Health, fitness, weight – I used to not think about these things. I was once young and fit and immortal. But somewhere along the way that all changed. Like many my age and in my circumstance I’ve tried, succeeded and failed in the battle of middle aged fatness.

So here I go… again.

This blog is for me. If you happen to be reading it, that’s fine.

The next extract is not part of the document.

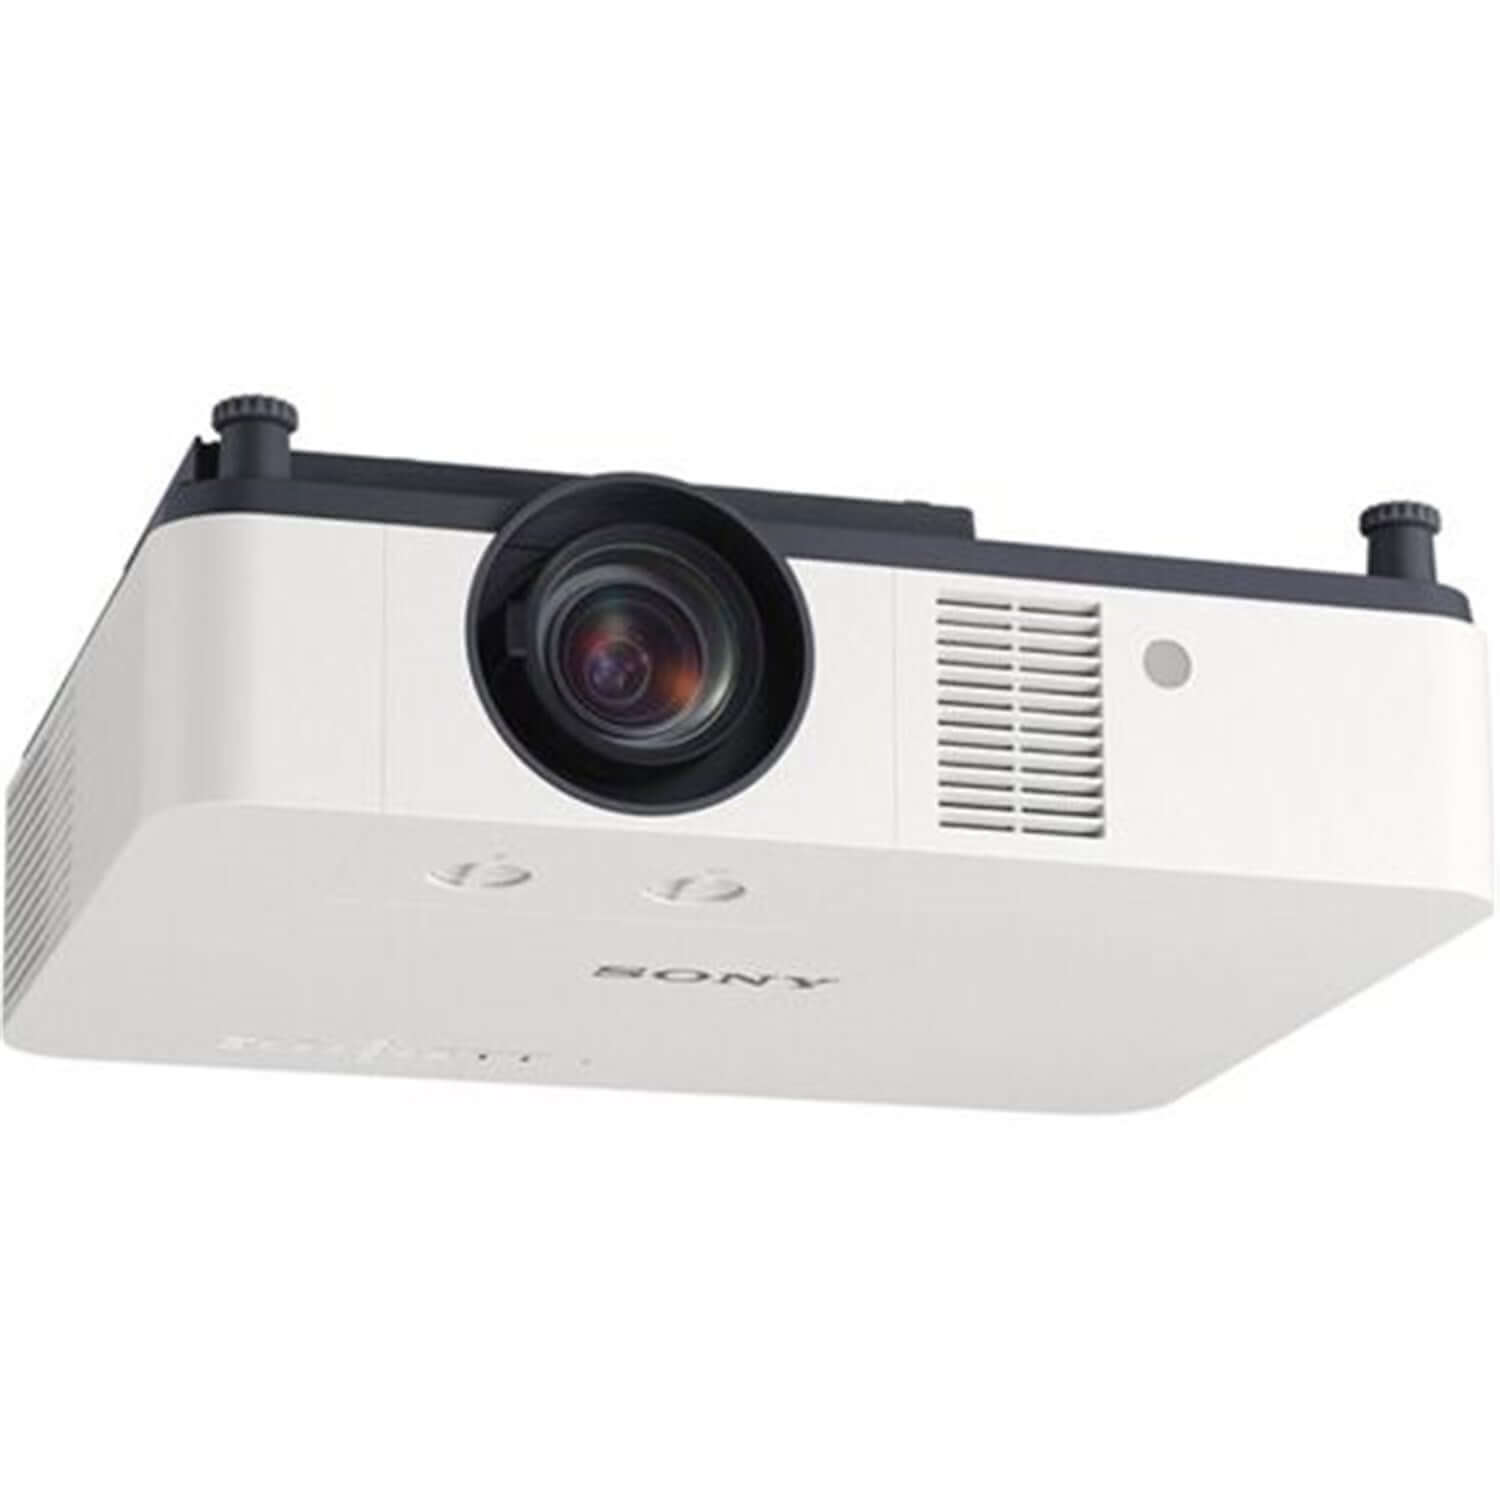 Provision Projectors Sony VPL-PHZ61 WUXGA 6400 Lumen Laser Projector
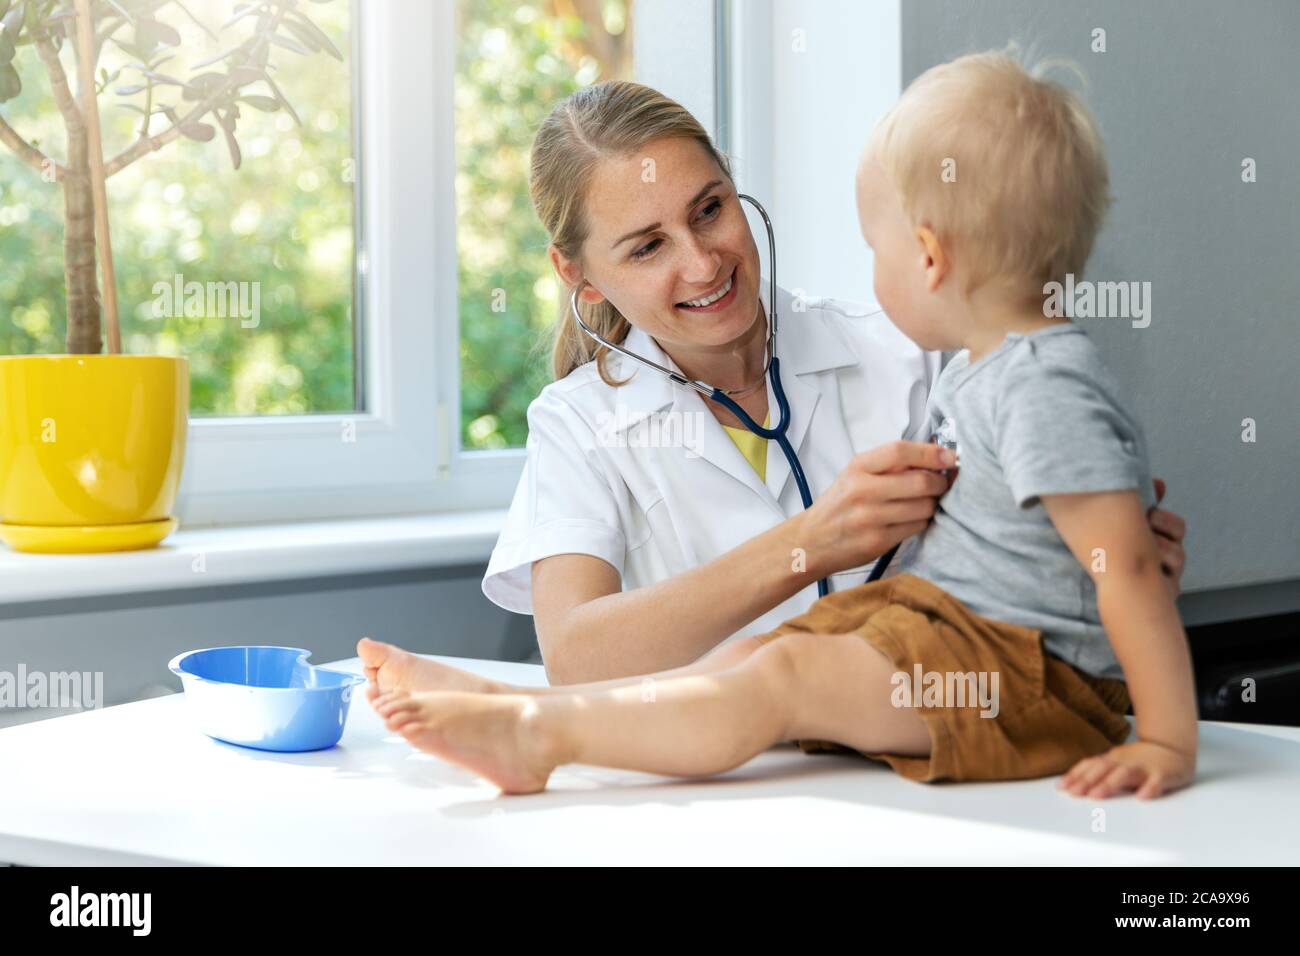 dottore che esamina un bambino paziente con stetoscopio in studio clinico, ragazzino a appuntamento pediatra Foto Stock

I hope you enjoy some of it, if only to sigh and laugh and move on. There’s is likely going to be no inspiration here and certainly no magic formula and miracle cure. Just the rambling and rantings of a man who wants to record 52 weeks of fighting the battle of the bulge.

The three pronged attack strategy I’ve opted for in this battle is – Sleep, Exercise and Diet (of course I mean my diet as in what, how and when I eat and not some crazy fad diet!).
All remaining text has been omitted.